Cory Undlin

Houston Texans
- Title: Defensive passing game coordinator

Personal information
- Born: June 29, 1971 (age 54) St. Cloud, Minnesota, U.S.

Career information
- Position: Safety
- College: Cal Lutheran (1990–1994)

Career history
- Cal Lutheran (1998–2001); Linebackers coach (1998–1999); ; Defensive coordinator (2000–2001); ; ; Fresno State (2002–2003) Graduate assistant; New England Patriots (2004) Defensive coaching assistant; Cleveland Browns (2005–2008); Defensive quality control coach 2005–2006); ; Assistant special teams coach (2007); ; Defensive backs coach (2008); ; ; Jacksonville Jaguars (2009–2011); Defensive assistant (2009); ; Defensive backs coach (2010–2011); ; ; Denver Broncos (2012–2014); Defensive quality control coach (2012); ; Defensive backs coach (2013–2014); ; ; Philadelphia Eagles (2015–2019) Defensive backs coach; Detroit Lions (2020) Defensive coordinator; San Francisco 49ers (2021–2022) Pass game specialist & secondary coach; Houston Texans (2023–present) Defensive passing game coordinator;

Awards and highlights
- 2× Super Bowl champion (XXXIX, LII);
- Coaching profile at Pro Football Reference

= Cory Undlin =

American football player and coach (born 1971)

Cory Undlin (born June 29, 1971) is an American professional football coach who is the defensive passing game coordinator for the Houston Texans of the National Football League (NFL). He previously served as the defensive coordinator for the Detroit Lions in 2020 and also served as an assistant coach for the Philadelphia Eagles, Denver Broncos, Jacksonville Jaguars, Cleveland Browns, New England Patriots and San Francisco 49ers.

==Playing career==
Undlin attended California Lutheran University, where he played football as a safety from 1990 to 1994. He had the distinction of being named second-team All-Southern California Intercollegiate Athletic Conference honors in 1993. At Cal Lutheran, he was a teammate and roommate of Ben McEnroe.

==Coaching career==
===College===
Undlin began his coaching career at his alma mater California Lutheran as a linebackers coach from 1998 to 1999. He was promoted to defensive coordinator in 2000, a position he held through 2001, when he moved to Fresno State University. He spent two seasons in 2002 and 2003 as a graduate assistant at Fresno State under head coach Pat Hill, a former assistant coach with the Cleveland Browns under Bill Belichick.

===New England Patriots===
In 2004, Undlin joined Belichick as a defensive coaching assistant with the New England Patriots. He was part of the Patriots staff when they won Super Bowl XXXIX.

===Cleveland Browns===
In 2005, Undlin was hired by the Cleveland Browns as a defensive assistant under head coach Romeo Crennel. In 2007, Undlin was promoted to secondary coach and assistant special teams coach. In 2008, Undlin was promoted to defensive backs coach.

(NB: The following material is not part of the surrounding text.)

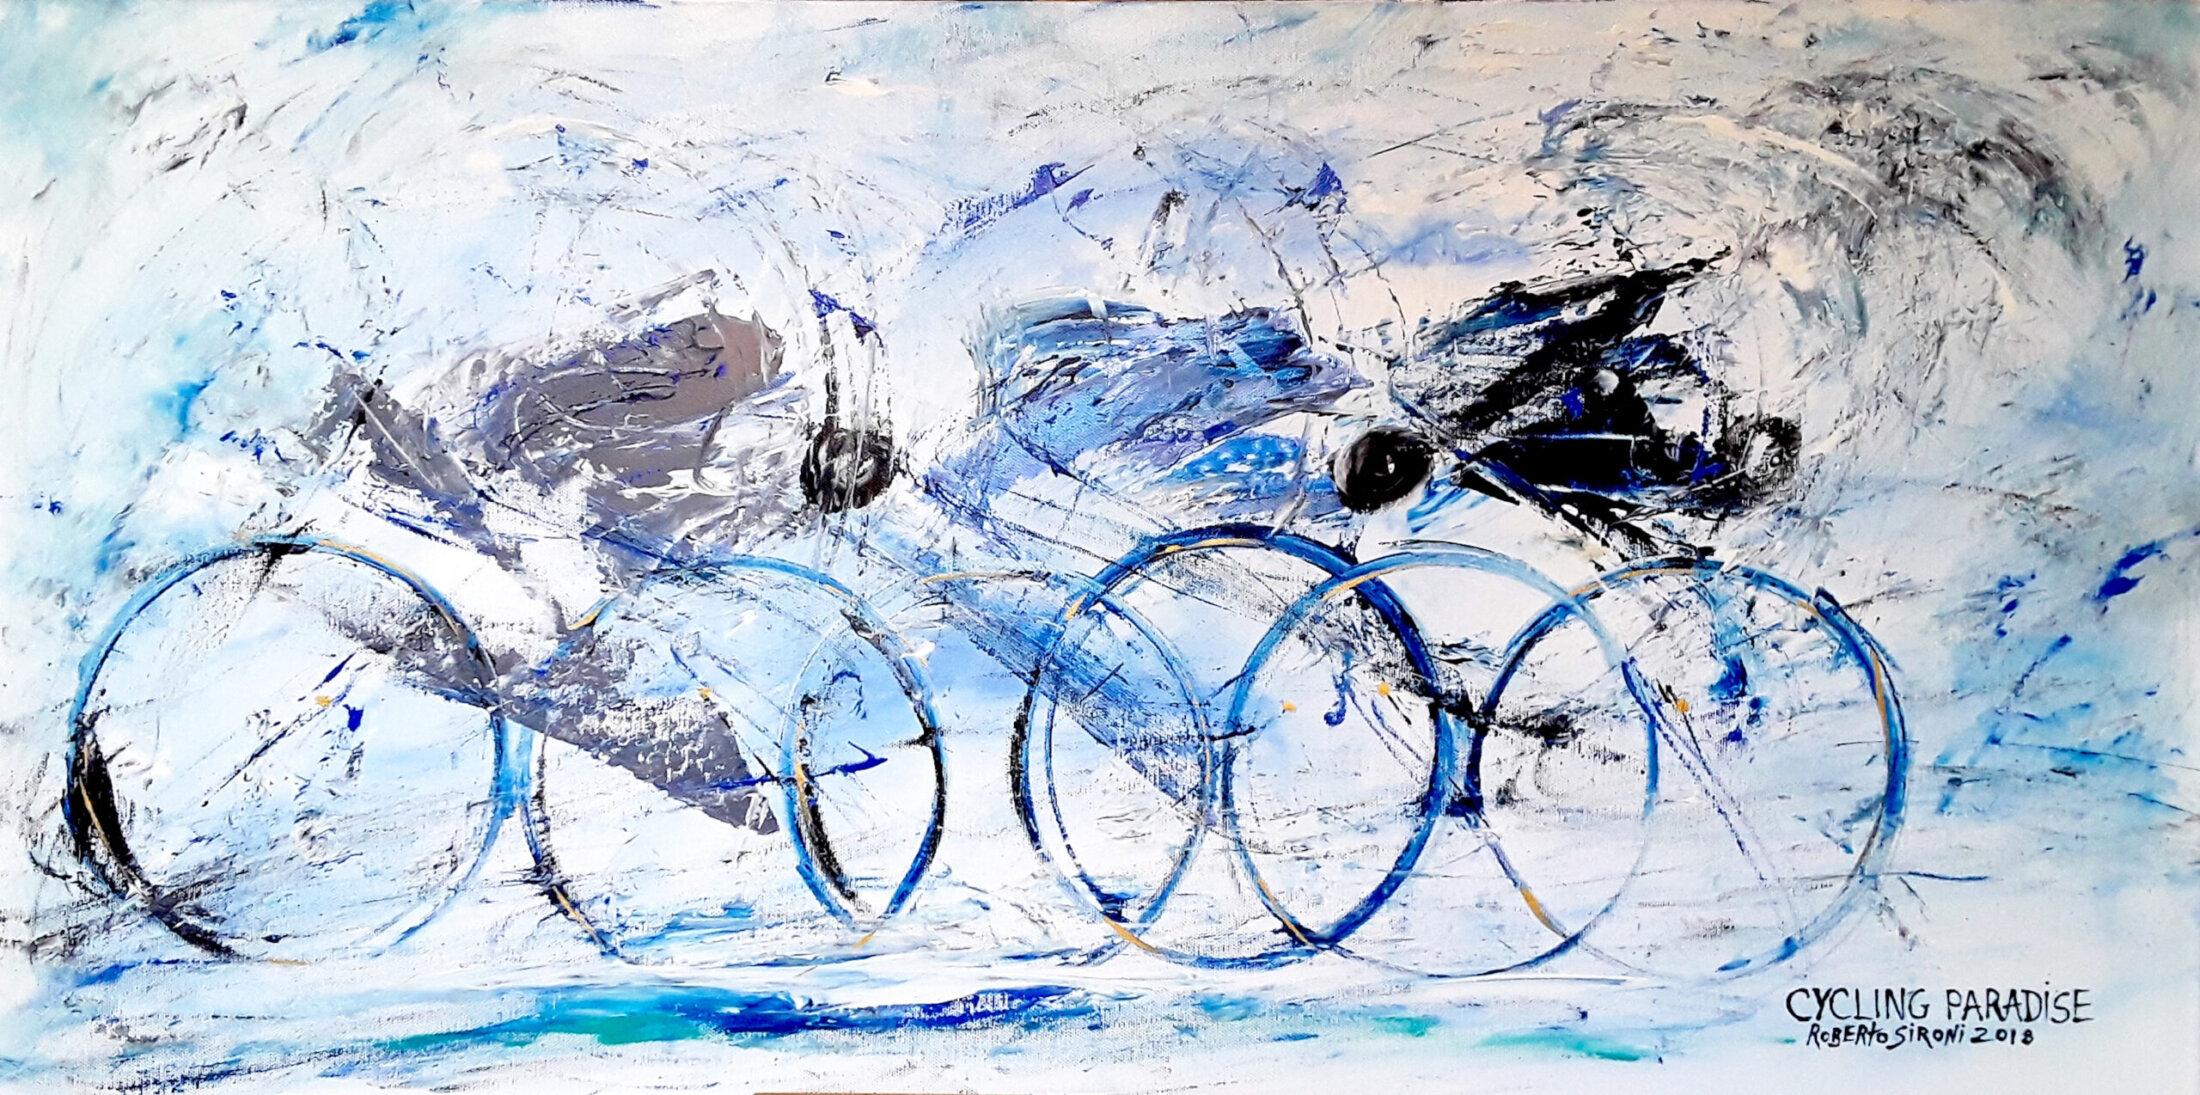 CyclingParadise-AcrilicoSuTela-50x100-RobertoSironi -300dpi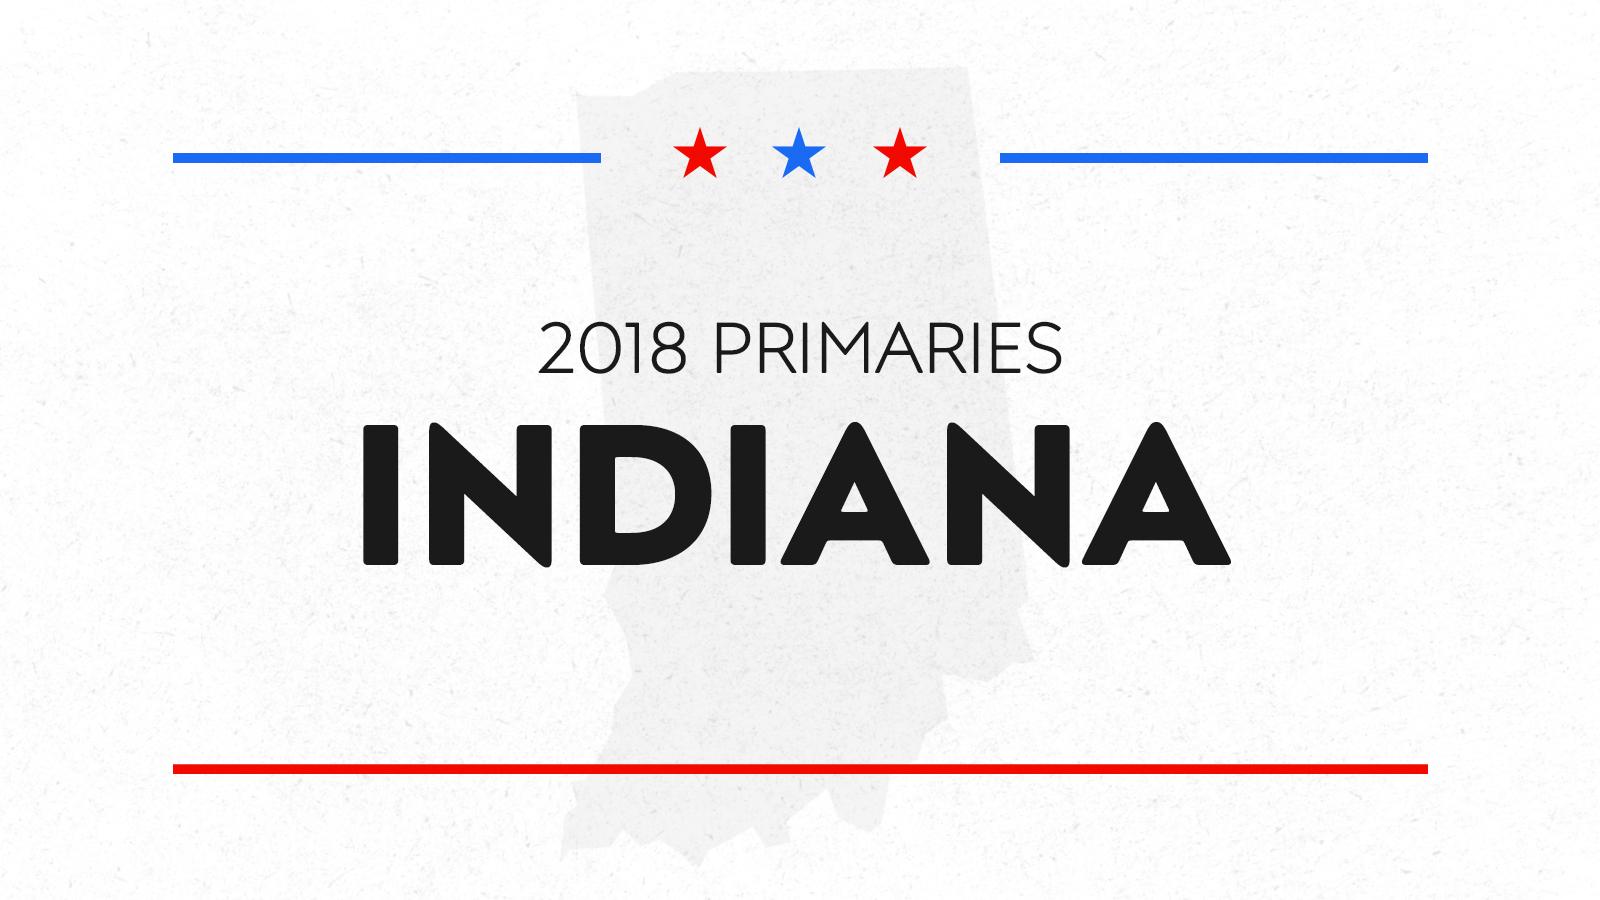 2018 Primary Election Results Missouri Judges 2010 General November 2nd

===Jacksonville Jaguars===
In 2009, Undlin moved to the Jacksonville Jaguars as a defensive assistant following Crennel's firing in Cleveland. He was promoted to defensive backs coach in 2010, but was fired along with the rest of the staff after the 2011 season.

===Denver Broncos===
In 2012, he was hired as a defensive quality control coach for the Denver Broncos, and he was promoted to defensive backs coach in 2013.

===Philadelphia Eagles===
In January 2015, Undlin was hired by the Philadelphia Eagles as their defensive backs coach. He was retained as the defensive backs coach for the Eagles on January 20, 2016. On February 4, 2018, Undlin was part of the Philadelphia Eagles coaching staff that defeated the New England Patriots, 41–33, in Super Bowl LII.

===Detroit Lions===
On January 13, 2020, Undlin was hired by the Detroit Lions as their defensive coordinator under head coach Matt Patricia. He missed the team's week 16 game against the Tampa Bay Buccaneers due to COVID-19 protocols. He was fired following the season.

During the offseason, it was reported that Philadelphia Eagles head coach Doug Pederson sought to hire Undlin as a potential defensive coordinator, along with other staff changes following the team's disappointing 2020 season. However, the Eagles fired Pederson.

===San Francisco 49ers===
On February 11, 2021, Undlin was hired by the San Francisco 49ers as their pass game specialist and secondary coach under head coach Kyle Shanahan.

===Houston Texans===
On February 14, 2023, Undlin was hired by the Houston Texans as their defensive passing game coordinator under head coach DeMeco Ryans.